Ismail Rabbi is a molecular geneticist and breeder at the International Institute of Tropical Agriculture in Ibadan, Nigeria. He works in the areas of genetics, genomics and crop improvement. Using high-density genotyping and intensive field phenotyping of large germplasm collections and breeding populations, he has contributed to the characterization of the genetic architecture of important traits, including pests and disease resistance, enhanced micronutrient density, starch and yield traits in cassava. He has developed a suite of DNA markers linked to these traits that are now used to make indirect selection in the field. Besides discovery-research, he works alongside breeders in the Next Generation Cassava Breeding Project (www.nextgencassava.org) to implement Genomic-Selection in the breeding workflow. Genomic selection helps shorten breeding cycle, increase selection accuracy and accelerate genetic gain. Within the CASS project, Ismail will implement confined field trials and enhance collaboration between CASS and NextGen Cassava through multi-omics phenotyping of cassava populations.

Team

Ihuoma Okwuonu

Dr.

Ihuoma coordinates in-vitro technology research for the genetic improvement of root and tuber crops in National Root Crops Research Institute, Umudike Nigeria. Her research focuses on exploring the potentials of genetic engineering, genome editing and genomics in developing root and tuber crops with improved nutritional content and resistance to biotic and abiotic factors. Crops of interest include cassava, Sweetpotato, cocoyam, yam and ginger. Efficient transformation protocols have been established for cassava and are being developed for other root and tuber crops. Her team contributes towards the development of sustainable seed systems in Nigeria by producing and rapidly multiplying clean planting materials of elite genetic resources using tissue culture and advanced hydroponic systems. She is also involved in capacity-building geared towards training of young scientists in acquiring innovative biotechnological tools in genetic engineering, transformation, and molecular analysis.

Team

Uwe Rascher

Prof. Dr.

Uwe Rascher is head of the research area ‘Shoot Dynamics’ at the Institute of Bio- and Geosciences at Forschungszentrum Jülich. Additionally, he is Professor for ‘Quantitative Crop Physiology’ at Bonn University. In his research he combines concepts and knowledge of plant physiology, remote sensing, ecology, global climate change and plant phenotyping. His main expertise is in characterizing photosynthesis using chlorophyll fluorescence, hyperspectral reflectance, gas-exchange, remote sensing and image analysis techniques. In the frame of several interdisciplinary and international collaborations he is using novel remote sensing approaches to better measure photosynthesis and stress, develops novel plant phenotyping concepts, and uses these data to model plant mediated exchange processes from the leaf to the region. This knowledge is applied for a wide range of crops and management systems, including cassava.
Within the cassava source-sink project the group of Uwe Rascher developed a novel UAV based approach to map the 3-dimensional growth dynamics of large cassava fields and they will now move forward to quantify the seasonal dynamics of photosynthetic carbon gain in different cassava lines under the prevailing changing environmental conditions.

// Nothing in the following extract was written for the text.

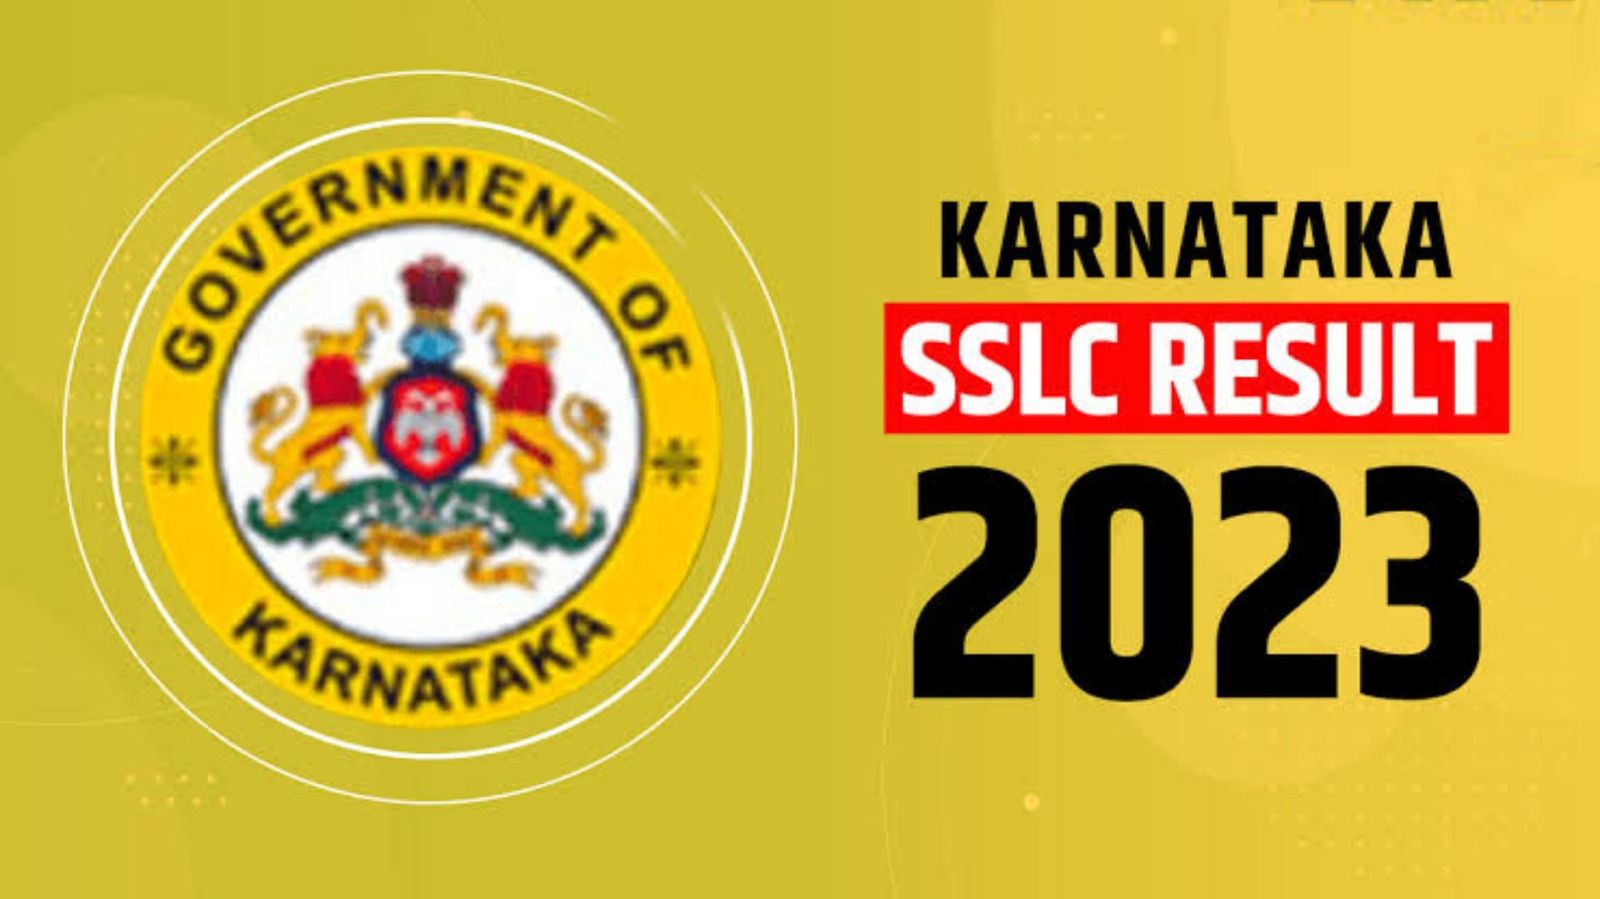 Sslc Result 2023 Karnataka Karnataka Govt Jobs

Ecophysiology of Photosynthesis / Optical remote sensing / Fluorescence / Crop eco-physiology

Team

Alisdair Fernie

Alisdair Fernie leads the Central Metabolism Group at the Max-Planck-Institute of Molecular Plant Physiology. His research group focuses on understanding the co-ordination of energy metabolism and assimilate partitioning as well as understanding the genetics underpinning metabolic regulation. Forward and reverse genetics coupled with metabolomics and yield physiology are the research tools used in these studies – which additionally aim at determining which reactions are canalized and which display environmental plasticity. With respect to source-sink interactions, most research in the laboratory is carried out on cassava, tomato and common bean.

Source-to-sink interaction | Metabolic Regulation |Tomato |Cassava |Common bean

Team

Mark Stitt

Prof. Dr.

Mark Stitt is Director at the Max Planck Institute of Molecular Plant Physiology in Potsdam-Golm, Germany and heads the Department ‘Metabolic Networks’.

He uses systems, biochemical and physiological approaches to study the relation between the circadian clock, metabolism and growth in Arabidopsis and crop plants, as well as the function of signaling pathways especially that of the sugar-signaling metabolite trehalose-6-phosphate. This research provides information that can be used to model the dynamic links between gene expression, protein synthesis and turnover, metabolism, energy costs and growth. A growing interest is to apply these approaches to plants growing in natural or simulated natural environments. He is also interested in the regulation of photosynthesis in different environmental conditions and different crop and wild species.

Within CASS he applies ‘omics methods, especially robotized measurements of enzyme activities, to characterize the metabolic capacity of Cassava and search for cultivar differences in performance. He is also interested to understand the adaptations that allow the high rates of photosynthesis in this C3 species.

Team

Ekkehard Neuhaus

Prof. Dr.

Ekkehard Neuhaus is head of the division of plant physiology at the Technische Universität Kaiserslautern (TUK). His group is interested in transport proteins in plants and bacteria. Special aspects are currently ATP transporters in plant plasma- and endomembranes, as well as sugar transporters in membranes of the plastid and vacuole. His aim is to understand transporter functions on the biochemical level (e.g. mode of transport, substrate specificity) and on the physiological level (implications of transporters for plant primary metabolism, development and adaptations).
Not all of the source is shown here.